Although the potential of microorganisms to degrade contaminants like petroleum hydrocarbons has been known for more than 100 years, the technical application of this knowledge has a history of only about 15 years. During this time biological soil remediation has made strong development, marked by great efforts in research and development, manifold conceptual and technical innovations, as well as economical ups and downs.

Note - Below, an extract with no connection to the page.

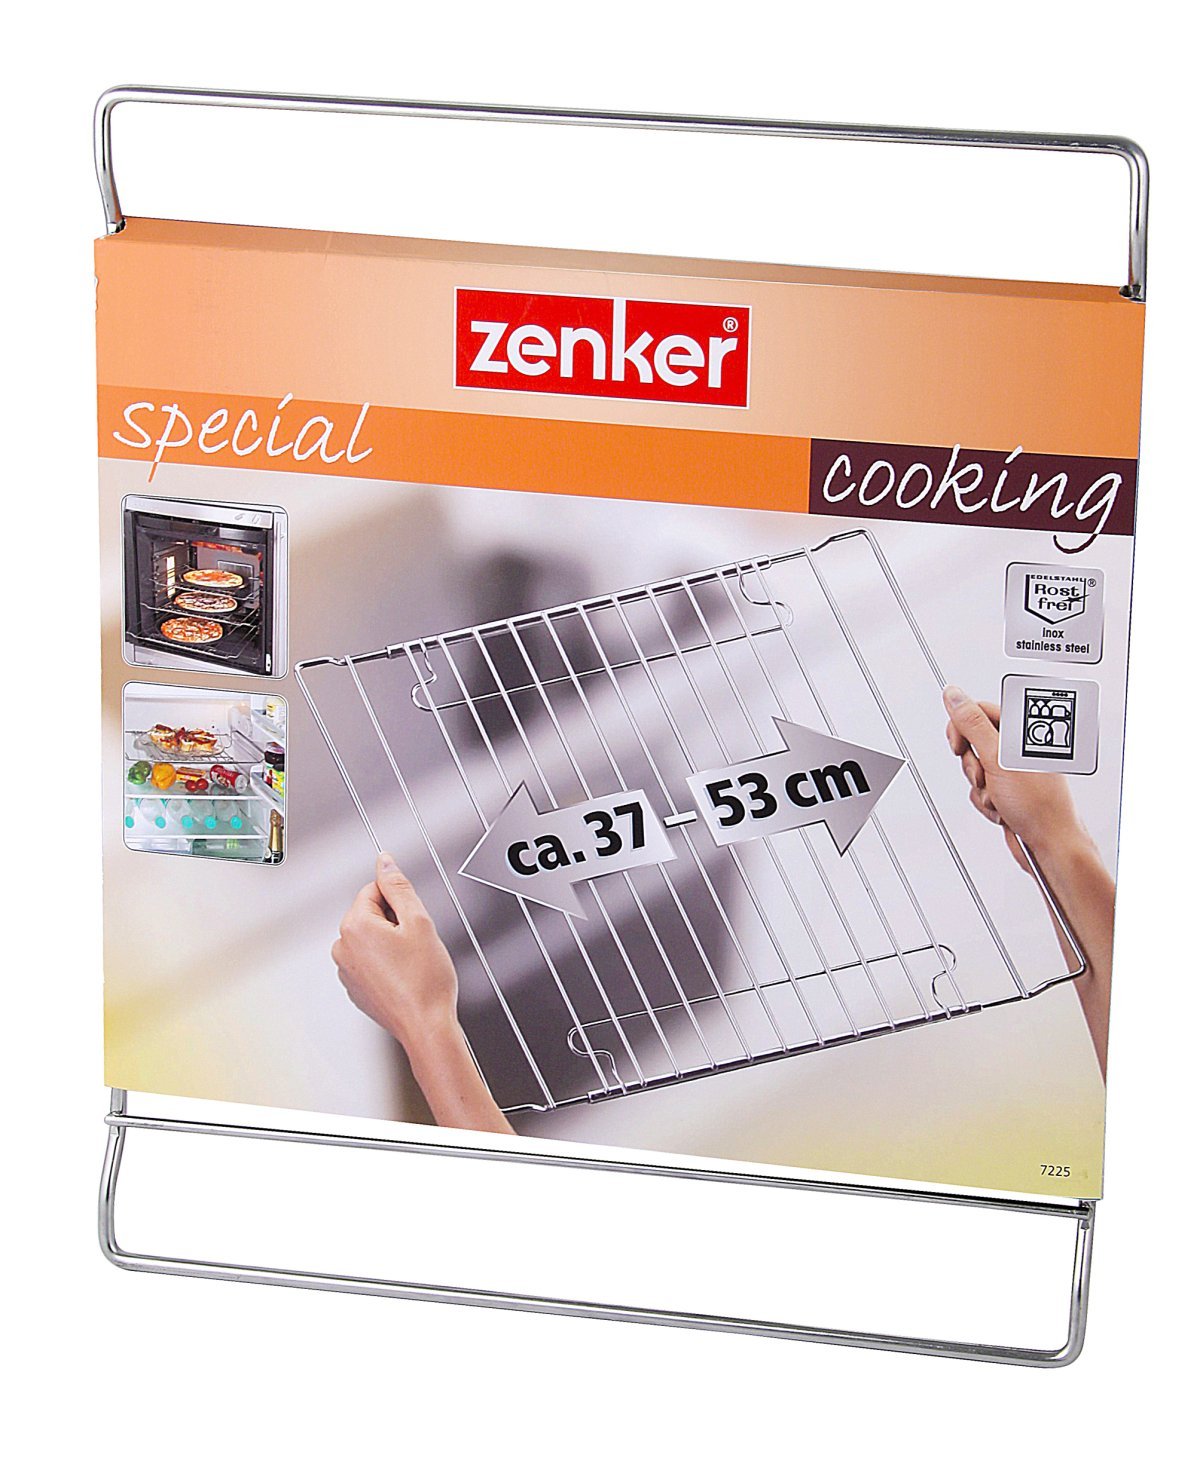 Zenker "Special - Cooking" Baking rack, Stainless Steel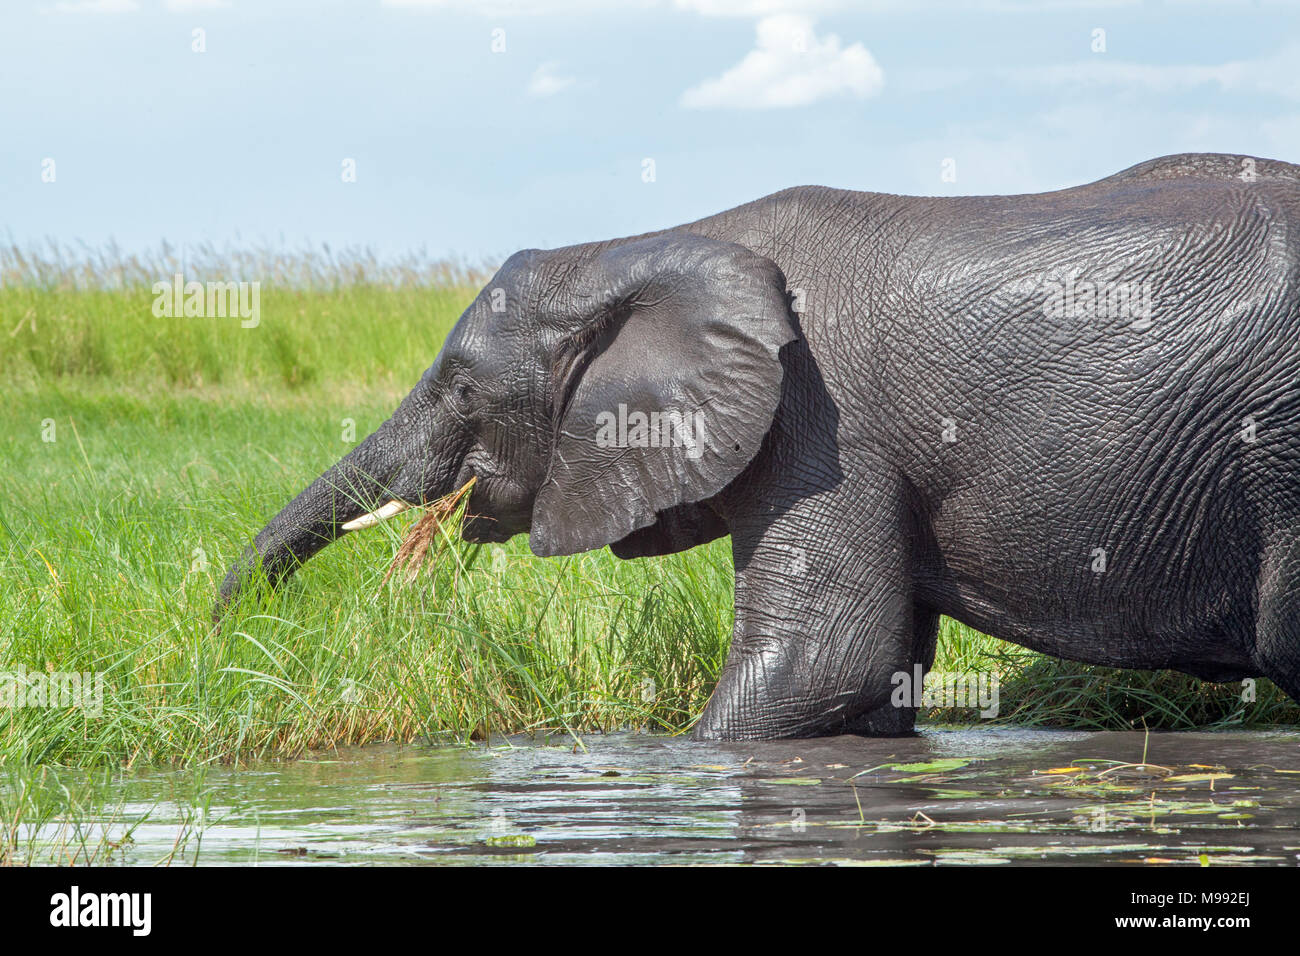 L'éléphant africain (Loxodonta africana). Recueillir l'eau de végétation verte bord de manger à l'aide d'agrégation. Parc National de Chobe. Delta de l'Okavango. Le Botswana. Afrique du Sud Banque D'Images

Today biological treatment of contaminated soil is the most-used technology for large-scale soil remediation (Schmitz and Andel, 1997), with global proliferation and an expanding international market (Cookson, 1995). The heap technique has an especially high potential for widespread use, because this technology is easy to handle and needs only a low technical and monetary input.
A large number of investigations and case studies all over the world have shown the potentials and limits of soil remediation. Biological treatment of contaminated soil by the heap technique is considered to be the most effective and competitive technology for dealing with pollution by petroleum hydrocarbons (Schulz-Berendt, 1999). Nevertheless, there is some need for further development, especially for technical solutions to enhance the height of soil heaps or to establish thermophilic conditions to use the high metabolic potential of extremophile microorganisms (Sorkoh et al., 1993; Feitkenhauer, 1998).
This chapter describes the principles of the heap technique and the different approaches and technological solutions. It also shows the advantages and limits of this technique and the research being done to overcome these problems. Additionally, it discusses some economical and legal considerations.